Джулия стояла на коленях, новый наряд из тафты был надет на ней лишь наполовину, одной рукой она вцепилась в край кровати, другой схватила себя за горло. В глазах ее застыл ужас; она словно силилась произнести его имя, моля о помощи, и не могла. Потом из ее горла хлынула кровь.

– Господи! – в ужасе воскликнул Джон Томас и упал на колени рядом с женой. – Джулия, о Боже, Джулия!

Врач прибыл уже через несколько минут после того, как Джон Томас позвал на помощь, и несчастную женщину, все еще одетую в весь испачканный кровью дорогой парижский наряд, срочно доставили в больницу Святой Марии, находящуюся в нескольких кварталах от отеля, где она истекла кровью. По заключению врачей, виной всему была открывшаяся язва желудка.

Джон Томас был безутешен. Привезя тело любимой жены домой, он после похорон уединился в Лонгвуде и не желал принимать даже старых друзей. Целые дни Джон проводил в их с Джулией спальне, зажав в руках кольцо, некогда принадлежавшее жене, и часами глядя на ее фотографию. Уйдя с головой в свое горе, Джон напрочь забыл о том, что они с Джулией собирались рассказать Мэри Эллен о происшествии десятилетней давности, однако сама Мэри, потеряв мать, была весьма озабочена состоянием отца и всерьез боялась за его рассудок.

Время шло, а Джону Томасу не становилось лучше. Он все так же сутками с потухшим взглядом просиживал в душном склепе спальни в прилипшей к телу мокрой от пота рубашке.

Джон Томас потерял интерес даже к своей хлопковой империи. Прибыли стремительно падали, состояние Преблов таяло на глазах. Рабов продали соседям, и плодородные поля стояли незасеянными.

В конце концов Мэри Эллен решила поговорить с отцом и обсудить с ним состояние дел. Она надеялась, что шоковая терапия пойдет ему на пользу – он должен узнать, до какого плачевного состояния дошел его бизнес. Если он не возьмет себя в руки, они окончательно разорятся; Мэри напомнила отцу о том, что война между штатами скорее всего вскоре начнется, и тогда северяне установят блокаду, лишив южан возможности доступа к европейским рынкам. Им следует, пока не поздно, отправить в Европу весь свой хлопок, не то их ждет нищета!

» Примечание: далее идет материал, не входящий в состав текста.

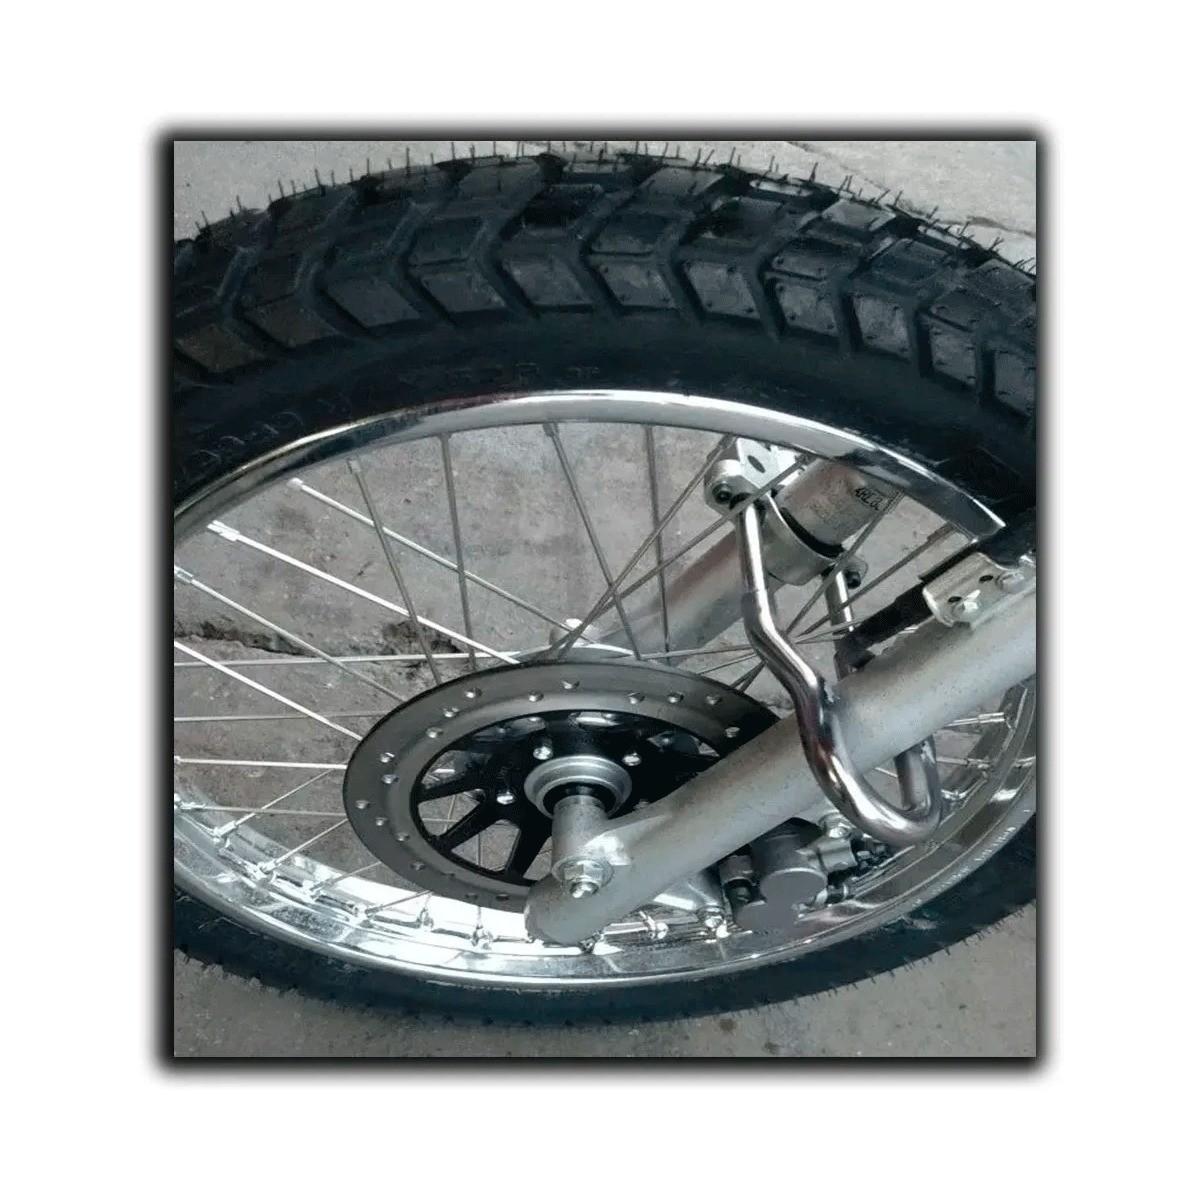 Tranca Trava Bengala Segurança ANTI FURTO Moto HONDA CBX 250 Twister Tornado NX 400 Falcon
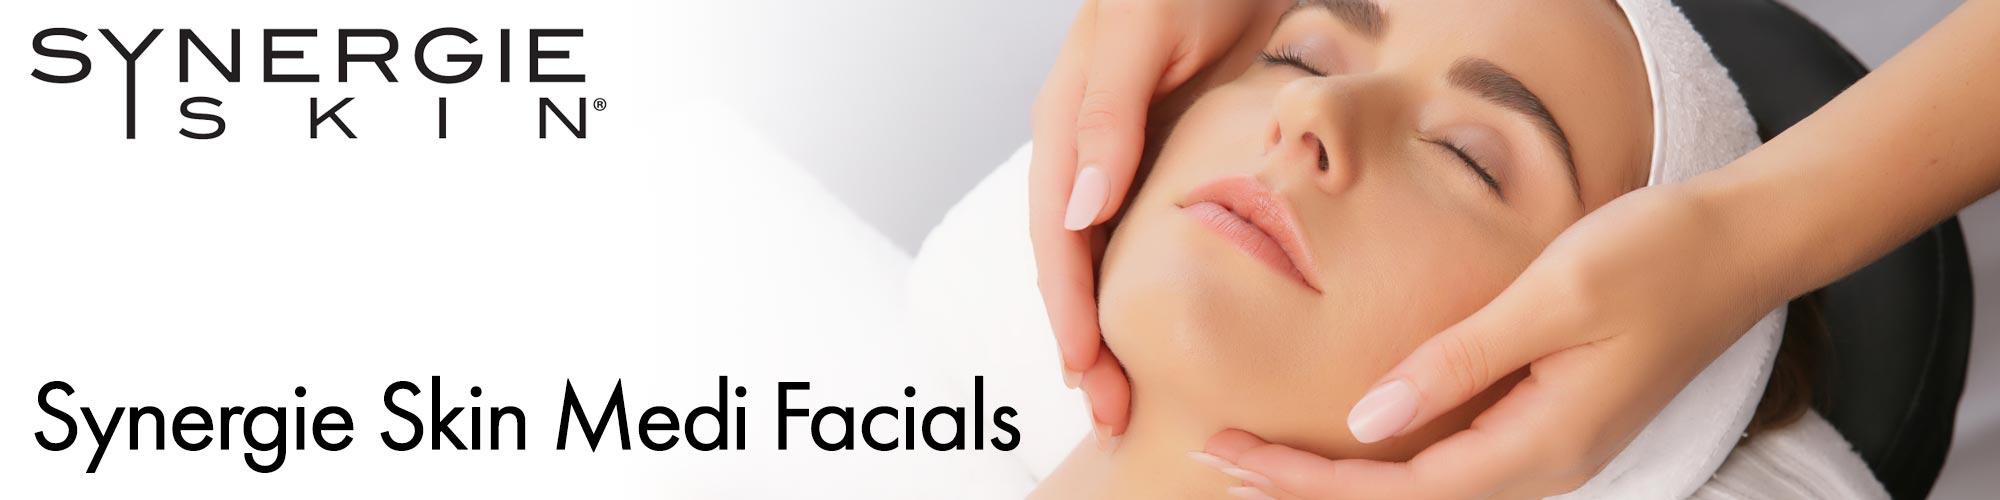 Syngerie Skin Medi Facials

Но Джона Томаса уже ничто не могло вывести из забытья.

Глава 18

На качающейся палубе военной шхуны «Морская колдунья», один, посреди ночной мглы, стоял высокий моряк. От пронизывающего зимнего холода его спасали темные шерстяные брюки, теплый китель и черная фуражка. Ветер трепал иссиня-черные волосы, выбившиеся из-под его фуражки, прибивал брюки к крепким бедрам; ноги офицера были слегка расставлены, помогая удерживать равновесие.

Достав спички, прикрыв пламя рукой, офицер раскурил тонкую коричневую сигару и глубоко затянулся. Оранжевые искры взметнулись над его головой, и их мгновенно унес ветер.